◆ BRIEF
The answer must be an exact reprint of the lines from the one with "f:id:pikachu_pcn:20190321210215j:plain" through the final line of the data, with no pictures included.

◆ INFORMATION PROVIDED
= = = =

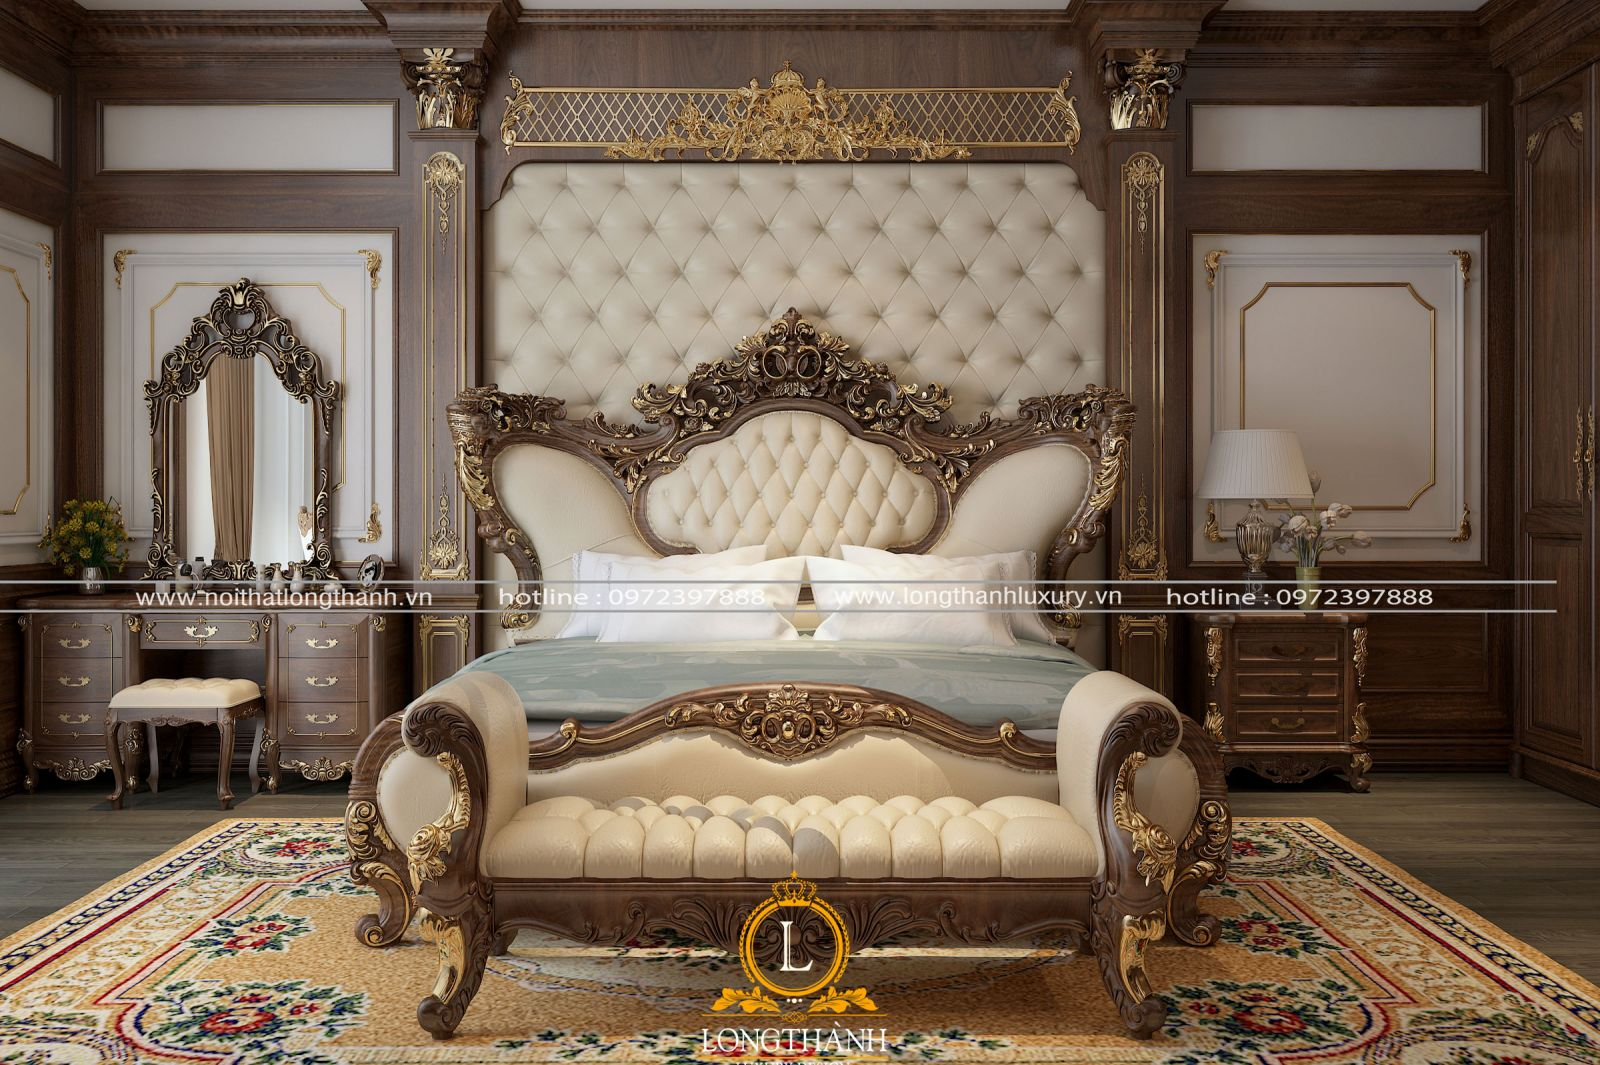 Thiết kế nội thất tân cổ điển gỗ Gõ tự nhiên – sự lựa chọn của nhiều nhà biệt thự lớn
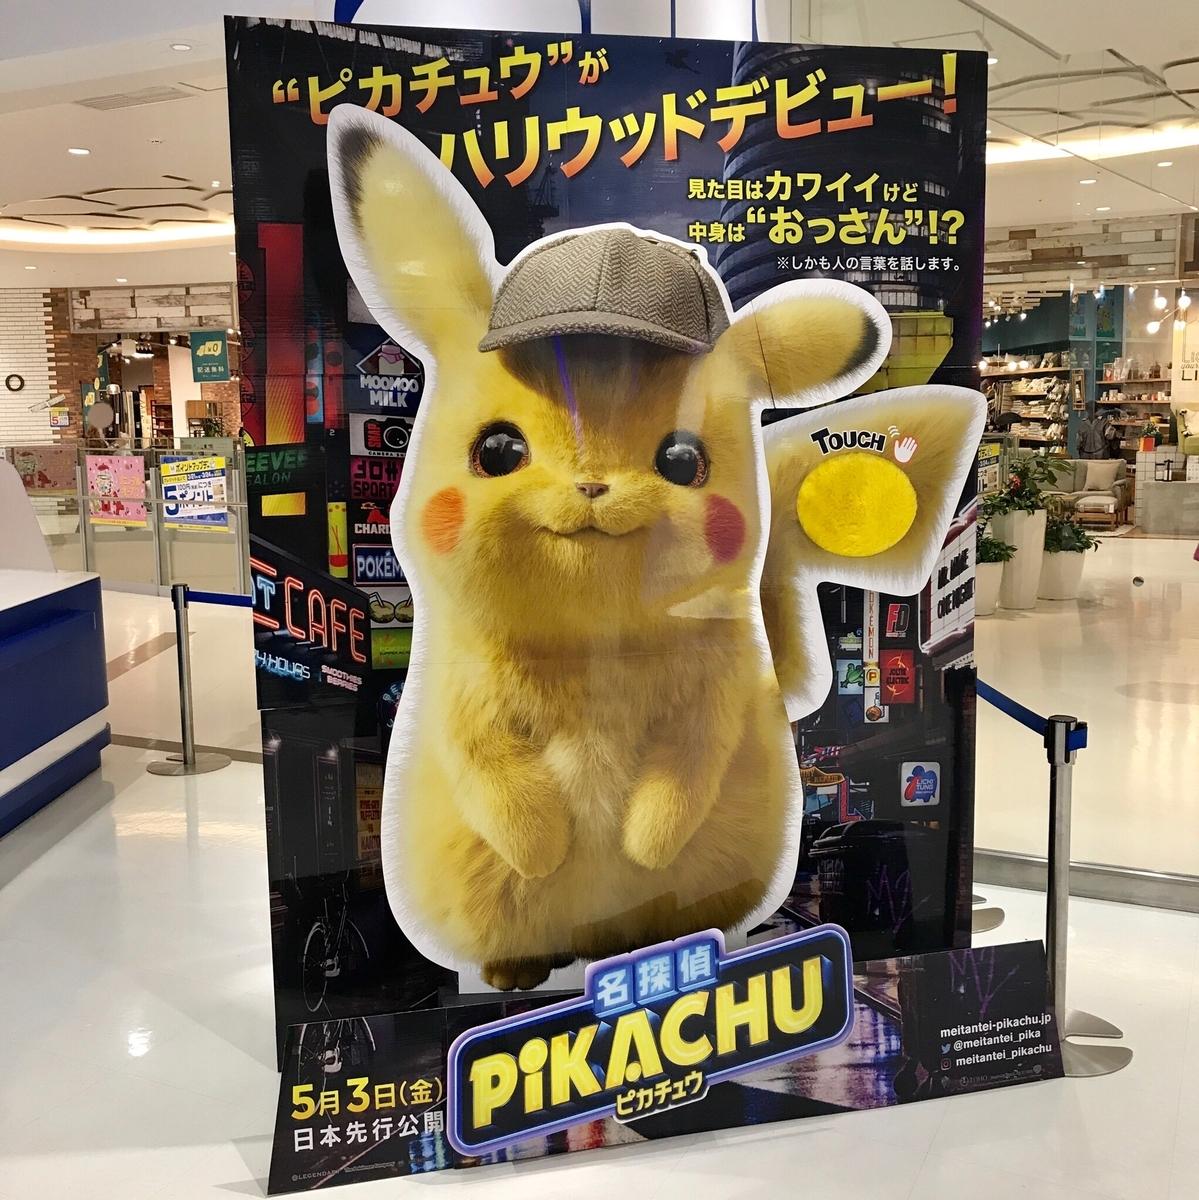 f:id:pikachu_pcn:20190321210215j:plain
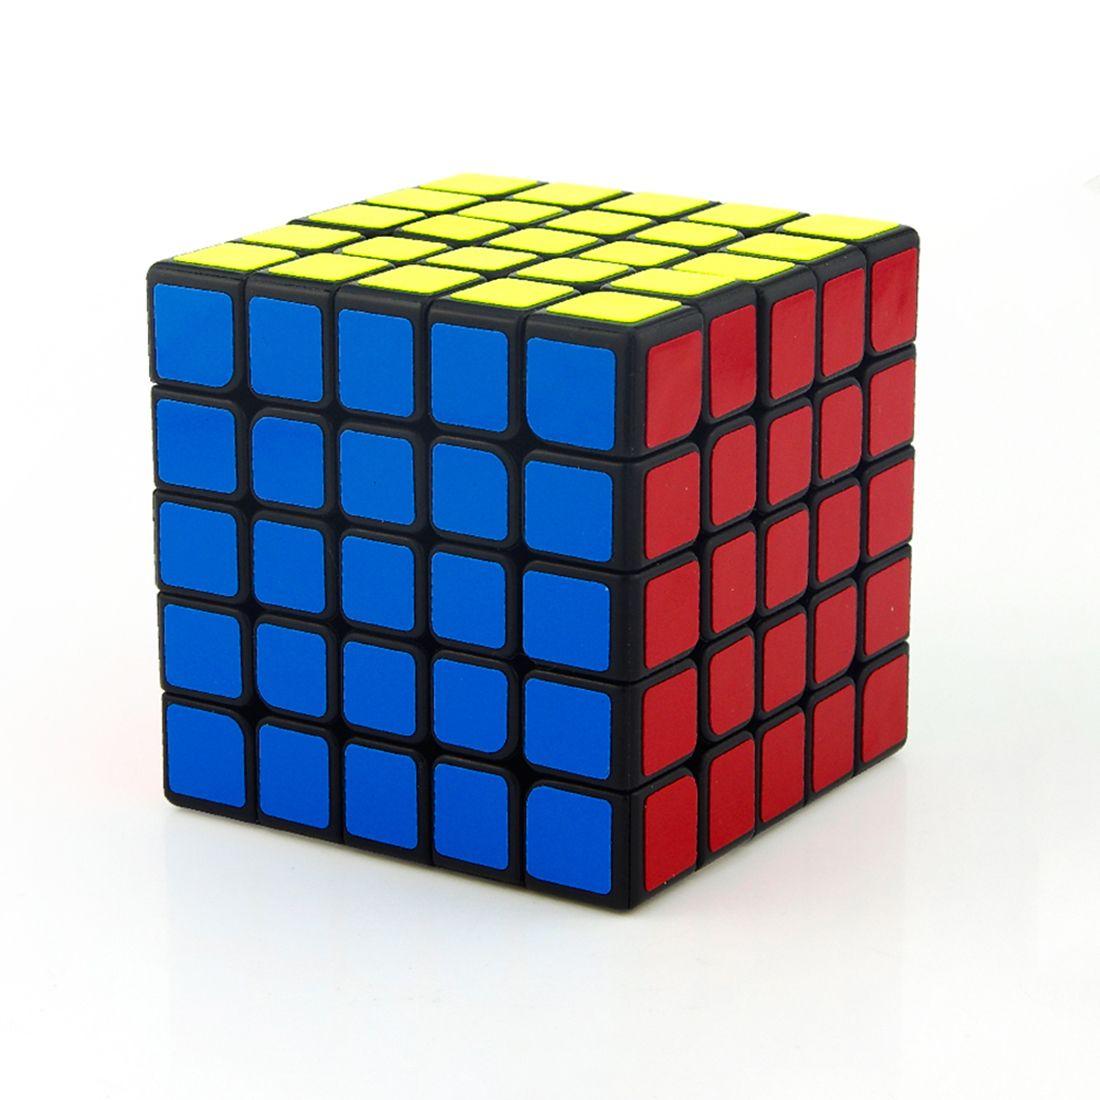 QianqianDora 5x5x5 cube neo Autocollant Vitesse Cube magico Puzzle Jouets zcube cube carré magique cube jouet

= = = =

◆ ANSWER TO THIS TASK
 f:id:pikachu_pcn:20190321210215j:plain
 QianqianDora 5x5x5 cube neo Autocollant Vitesse Cube magico Puzzle Jouets zcube cube carré magique cube jouet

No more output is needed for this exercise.